The protest is on balance easy, even profitable. Some news is still important. But aha, that’s where web 2.0 kicks in. The news I think important are those some FB friends consider as well. I noticed that we ‘help’ each other by linking to things we may agree – and more often – disagree on. This makes for an interesting experience. My news world has expanded to include the two Times (Los Angeles and New York), the Philippine Star (which used to have some kind of strange bias a while back), the Manila Standard (which is fast becoming the better version of the Daily Tribune), something called the Onion, and even that openly unbiased wanna-bee called Rappler.com. The reality is that everything out there has a bias, so caveat lector be.

Doronila has already taken up enough of my time. Fool that I was, I kept hoping there might still be some redeeming value in his pieces, but it seems that the better ‘gamble’ is to just say No. Now, I no longer have to pay real money to the Inquirer, but can keep a tab on what’s up through FB friends’ links. The nice thing is that pulling the plug was painless. I simply told the household help to call up, on the landline, the local news vendor. The dogs will miss barking at the delivery guy, but they have other folks to bark at.

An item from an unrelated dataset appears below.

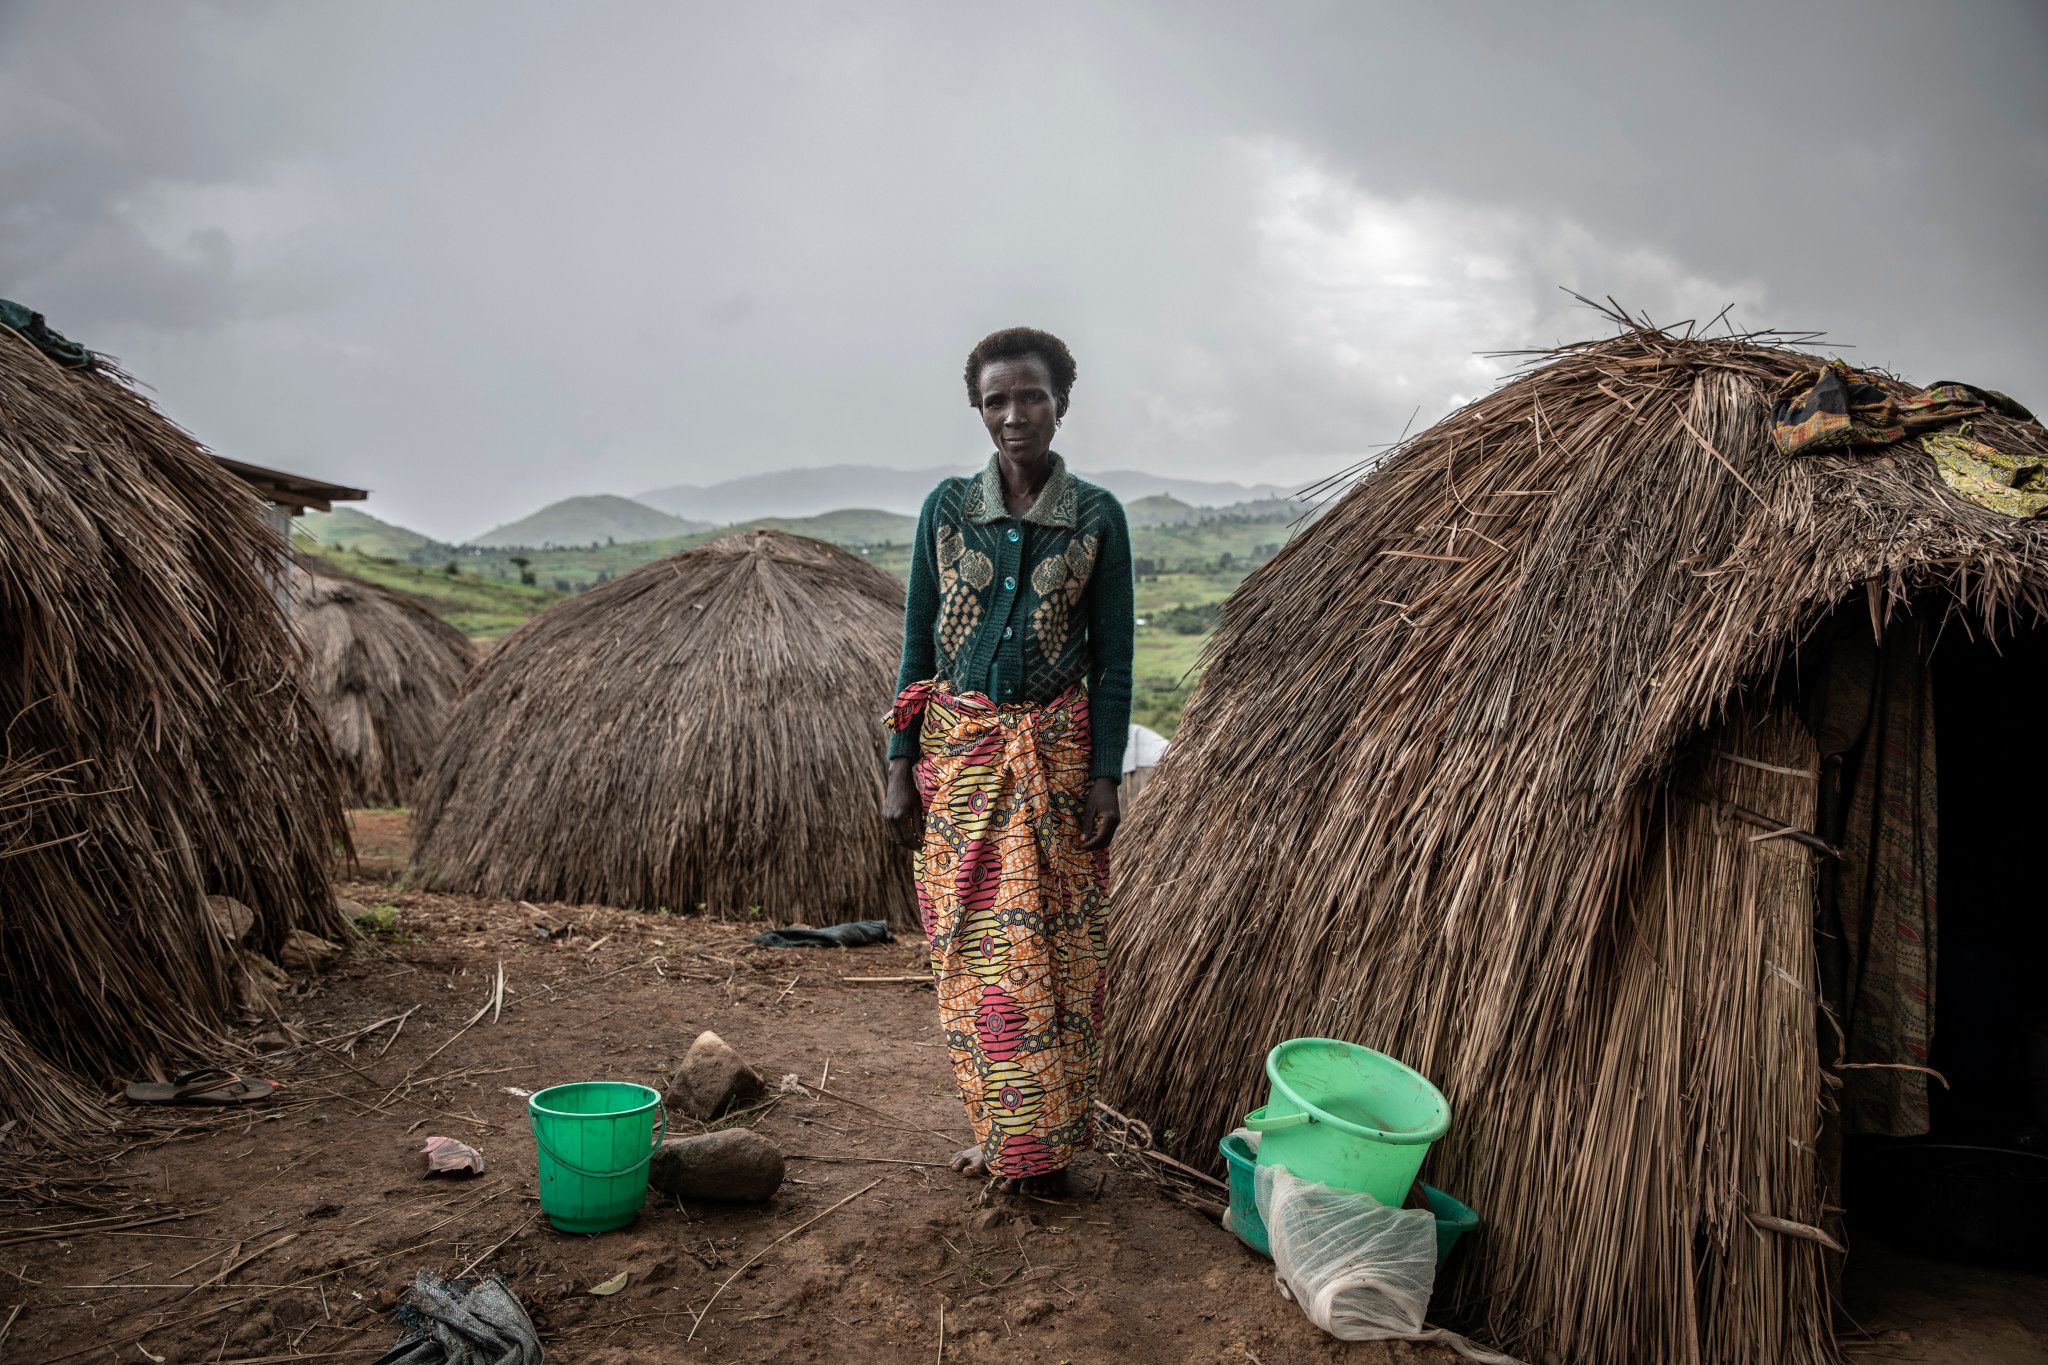 Kambe Site, Ituri Province, May 2021. Jeanne Borive, 45, who has eight children and who was separated from her husband when she fled her village of Lithe two and a half years ago, stands in a camp for people from the Hema community displaced by attacks by Lendu militias in Djugu territory. She spent four hours collecting wood to cook and to sell at the local market. "If there's peace I'll go back home. If not, I'll stay here," she said.

It now turns out that FB has some personal value even if I can’t get a piece of its IPO incomings. I get to avoid P1,000/month of news print subscription fees. That’s not exactly peanuts. (It’s more expensive by twice than the monthly dues on an unli-call/text postpaid plan at the post-merger Sun.) The capitalized present value of this opportunity ‘gain’ is roughly US$1,200. Not bad as my valuation of my FB friends’ news-wise wisdom.

Finally, I must thank Mr. Doronila for getting me to think about the matter. He didn’t exactly show me the way, but, hey, you can’t win it all.